Obama has asked Congress to block a proposed doubling in the rate of interest on US “Stafford” student loans. These subsidised public loans make up a significant proportion of US student debt – over a third in 2011.
The President’s intervention is electioneering, and he stands no chance of blocking the vote. The Republicans control Congress, this will pass, and the rate of interest on these loans will increase from 3.4% to 6.8%. We have no way of knowing whether Obama would actually block the increase if he were able to, so let’s not dwell on it.
Obviously, this is a pain for US students. But it’s also likely to have unintended consequences: it could speed up the coming of another global financial crisis. This is because the US student debt situation is starting to worryingly resemble the US subprime mortgage housing crash that tipped the world into the 2008 crisis.
The US student loan situation is unsustainable, and it’s increasingly clear that the mounting pile of debt will never be paid back. The proportion of borrowers defaulting on their loans in 2009 hit 8.8%, the latest figures we have. This was up from 7% in 2008.

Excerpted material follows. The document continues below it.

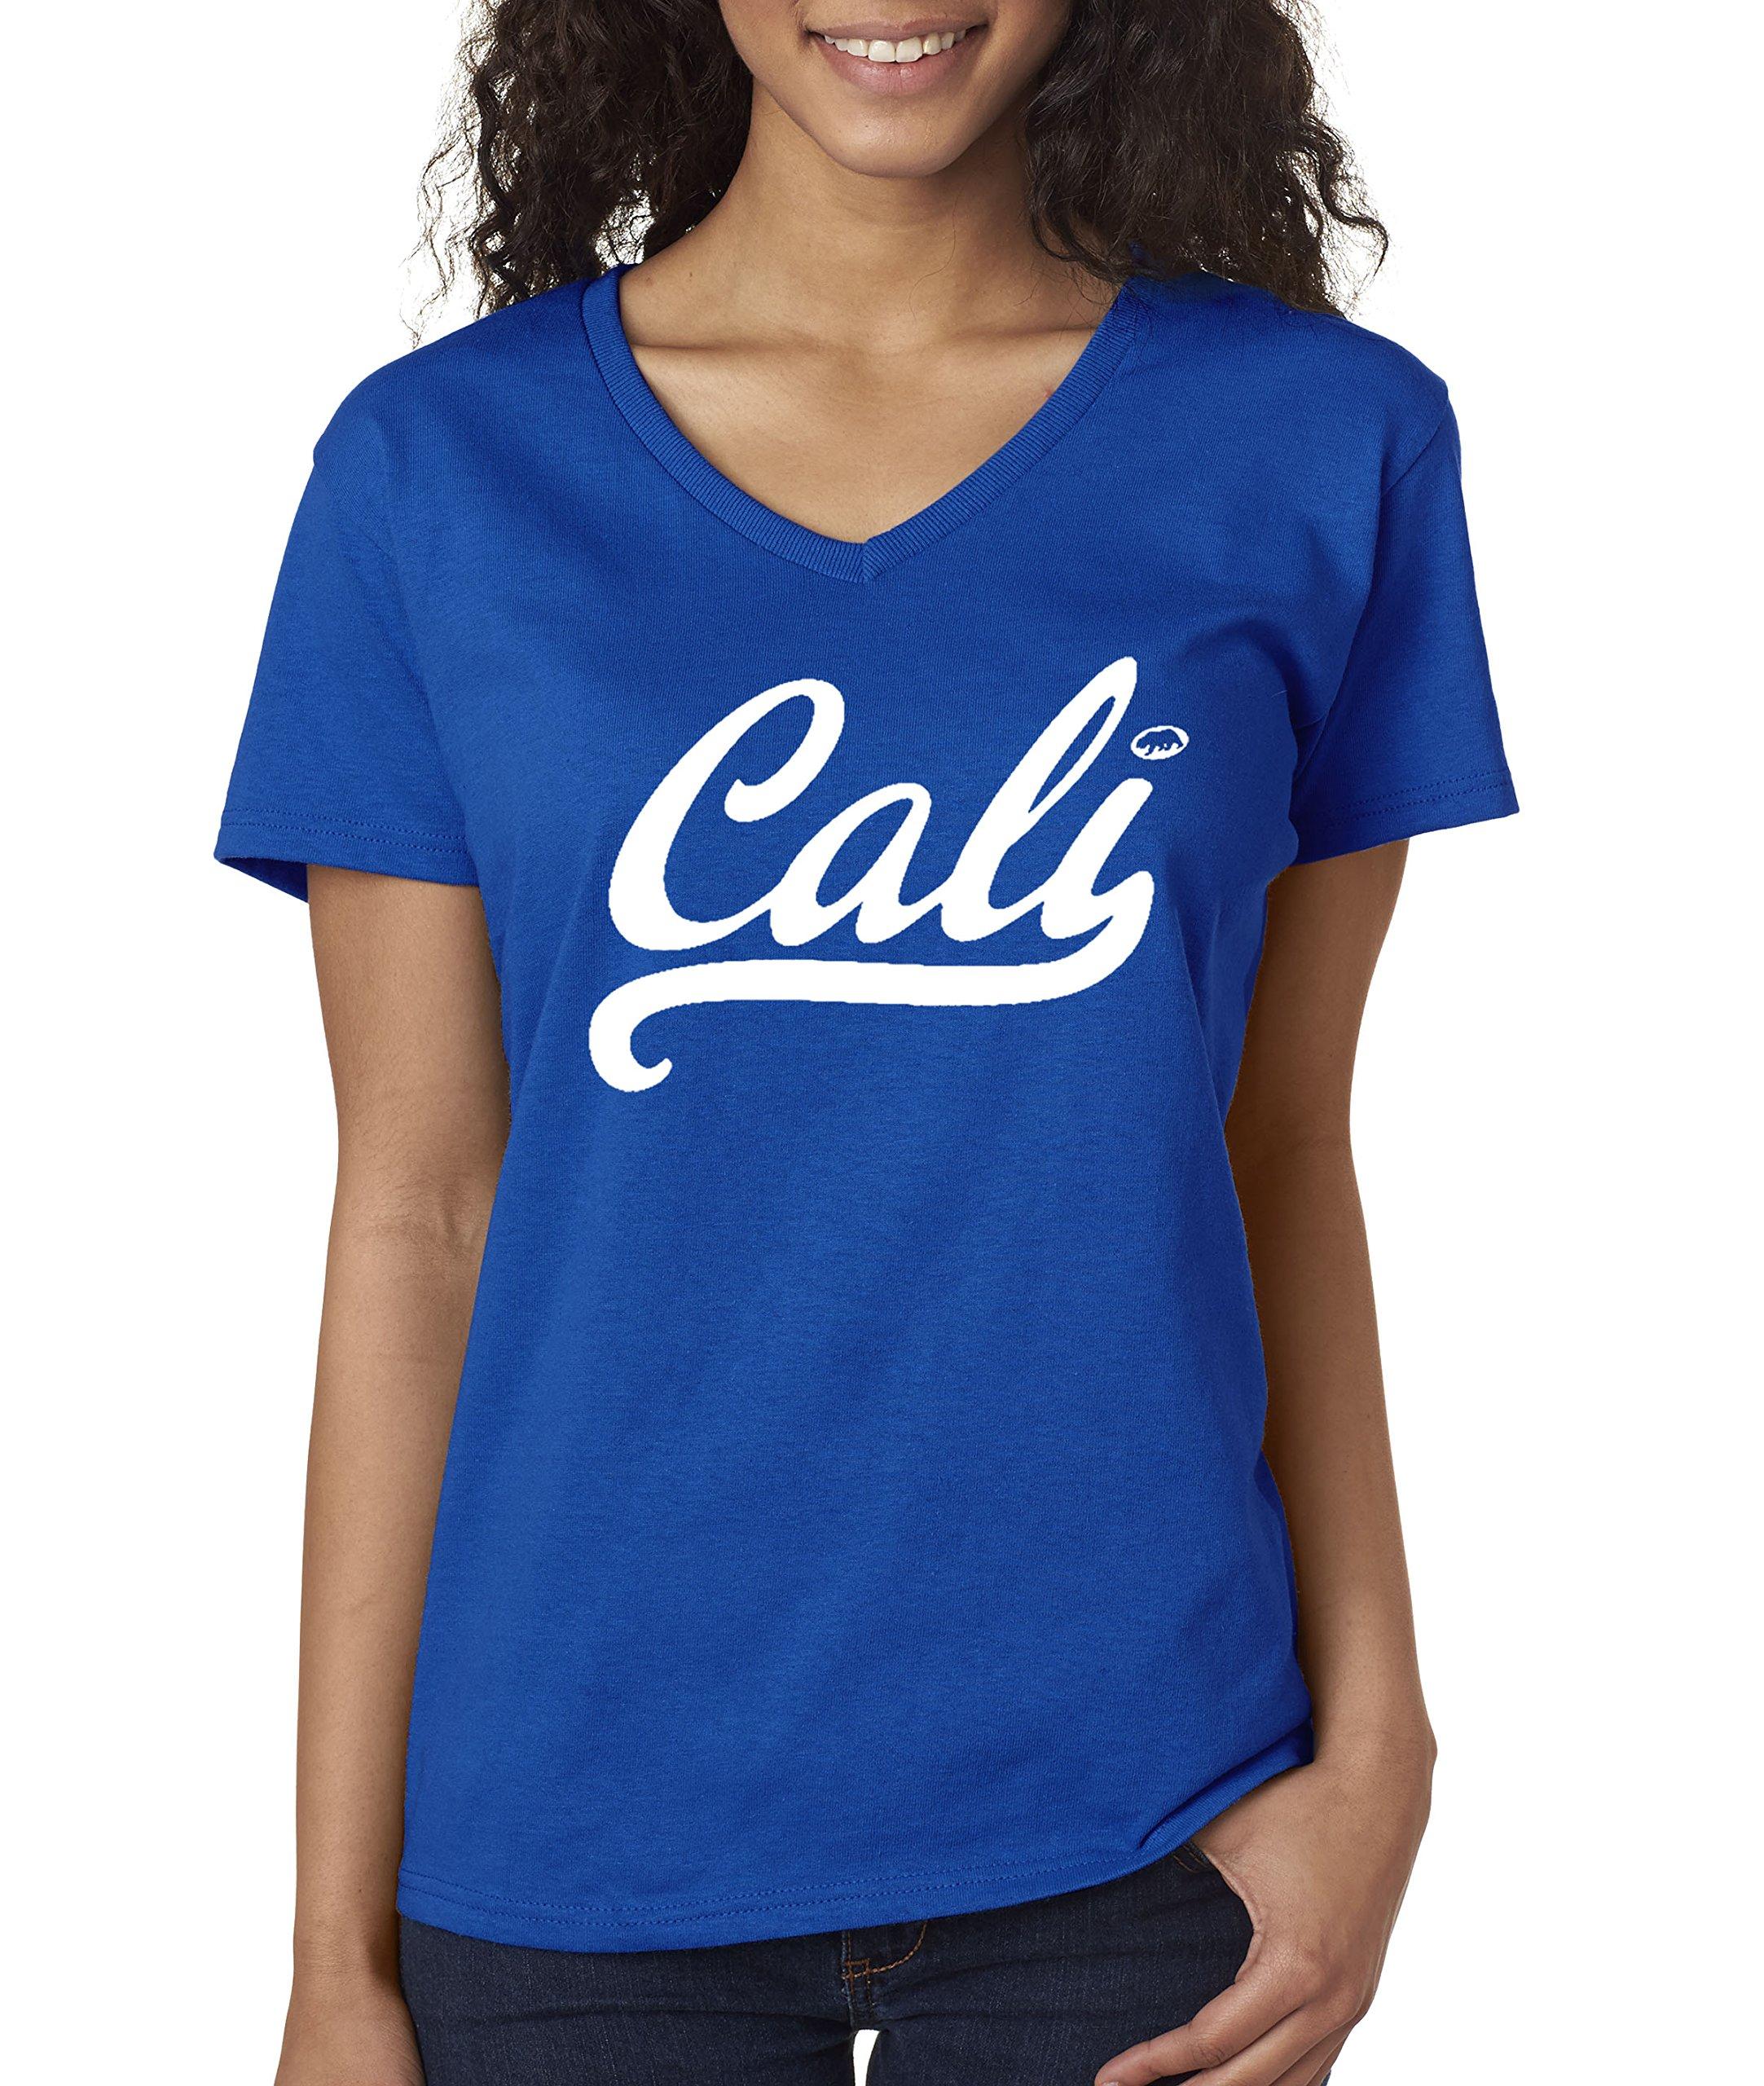 792 T Shirt Cali Script California Republic Bear 1577

For comparison, default rates in the US subprime mortgage market topped out at 21.9% at the 2007 peak of the crisis, up from 7% in 2002. But even in 2007 the safer prime mortgage loans maxed out their default rate at 4.8% – student loans have gone way beyond that. While student loans aren’t quite at subprime level yet, they’re also not in a completely different ballpark, which is worrying.

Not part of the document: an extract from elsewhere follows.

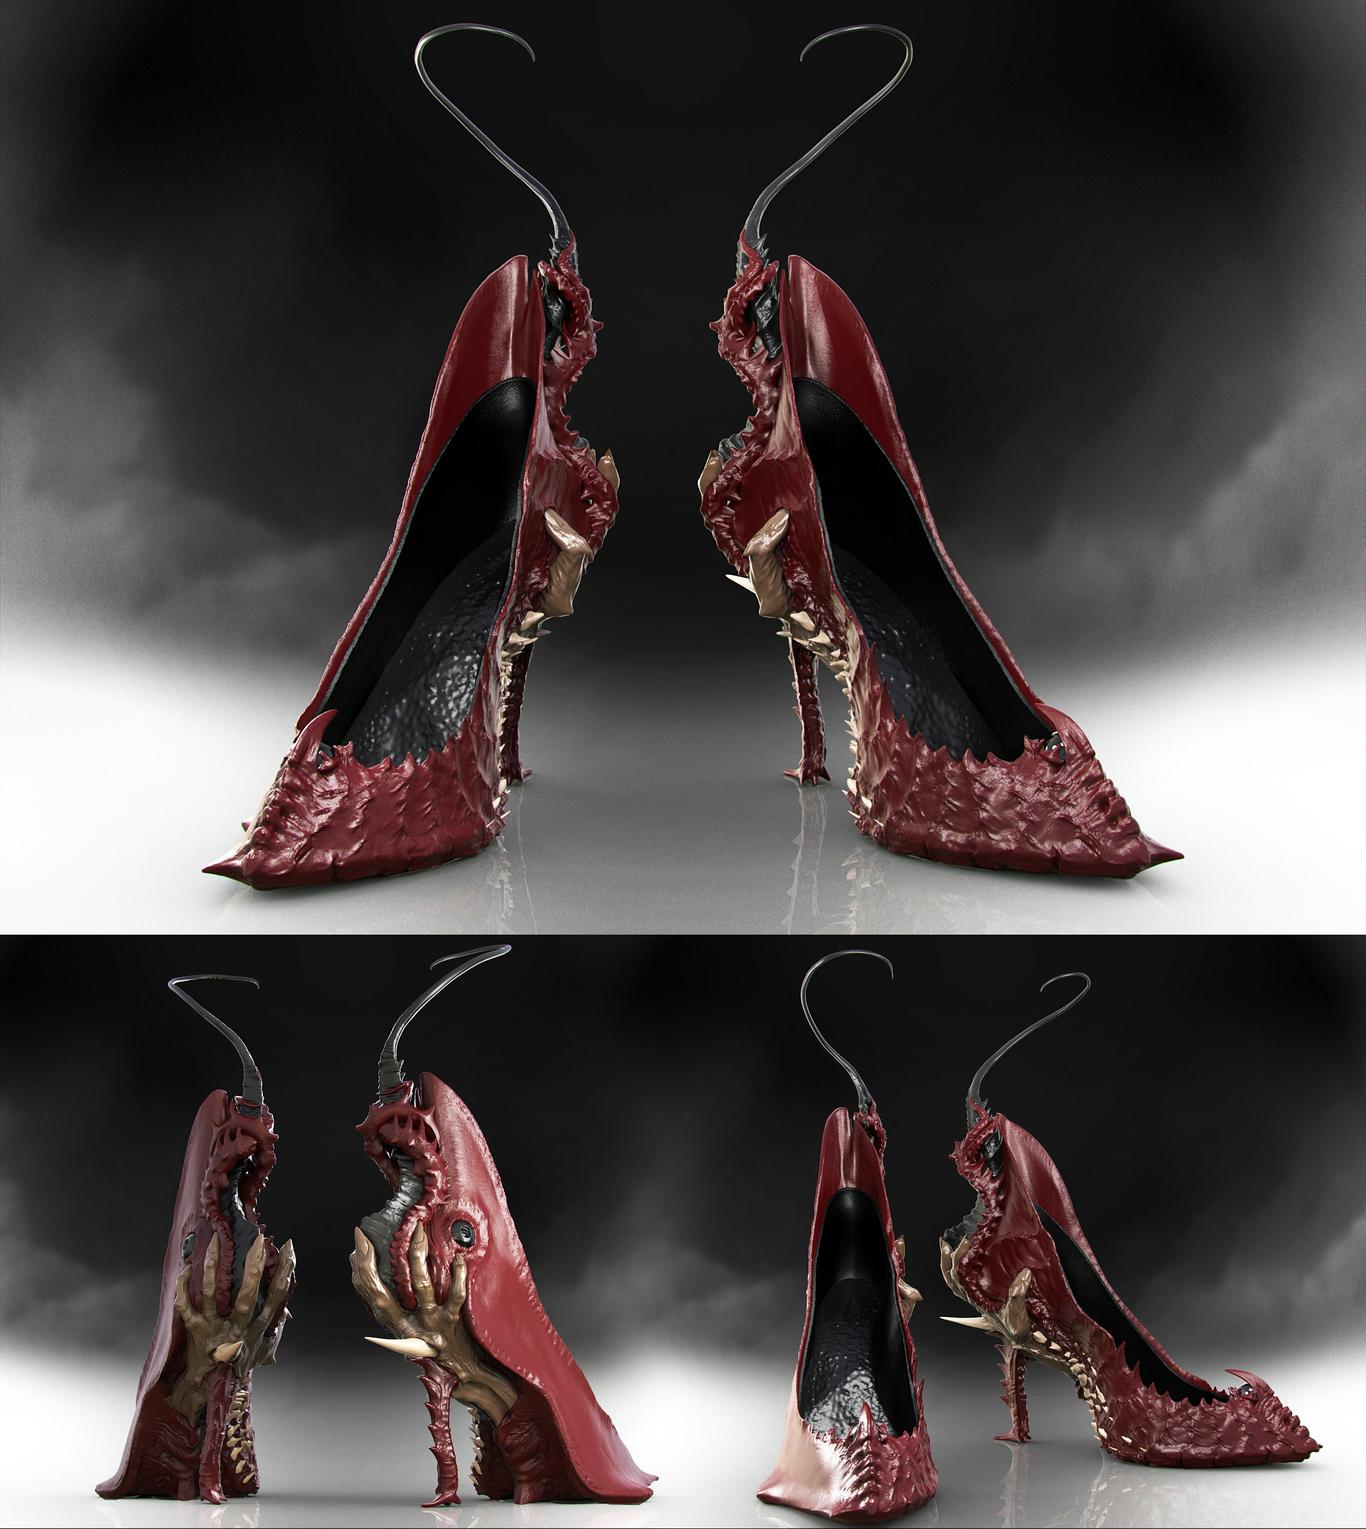 Zerojs demon shoes 1 e4247642 frp7

These numbers are relevant because the subprime crisis was triggered by defaults reaching an unsustainable level. What the US Congress is about to do in doubling the interest rate on a third of all loans is make it a lot harder for people to pay back their loans, increasing the rate of default further. If the market is driving itself off a cliff, this is like putting your foot down on the accelerator pedal.
This is against a backdrop of falling US real wages – a 2% fall in 2011 – and so reduced means of paying back loans. And of course, US tuition fees are soaring, with inflation busting fee rises of 4.6% a year on average, meaning the gap between the cost and the ability to pay is rising. That can only drive the default rate up further.
The US student loan market is estimated to have $757 billion of outstanding loans. This is under half the size of the 2007 subprime mortgage market’s $2 trillion, but again, it’s not a completely different ballpark, it’s bigger than the total US credit card debt, and it’s growing at about $112 billion a year.
But if the market goes nuclear, there’s a big difference between the student loan book and the subprime book: the vast majority of US student loans are underwritten by the US government, with only 7% coming from non-federal sources. If borrowers default, the state pays – an automatic built-in bailout. The good news is this means it would be difficult to see how private financial institutions could collapse if out of control defaulting started, which means financial market shocks like the Lehman Bros. collapse aren’t as likely.
But someone has to pay. The entire US federal budget deficit for 2013 is $901 billion, with total expenditure of $3.8tn. A hypothetical mid-decade market worth $1.5 trillion with a subprimesque 20% default rate would be a very big deal indeed.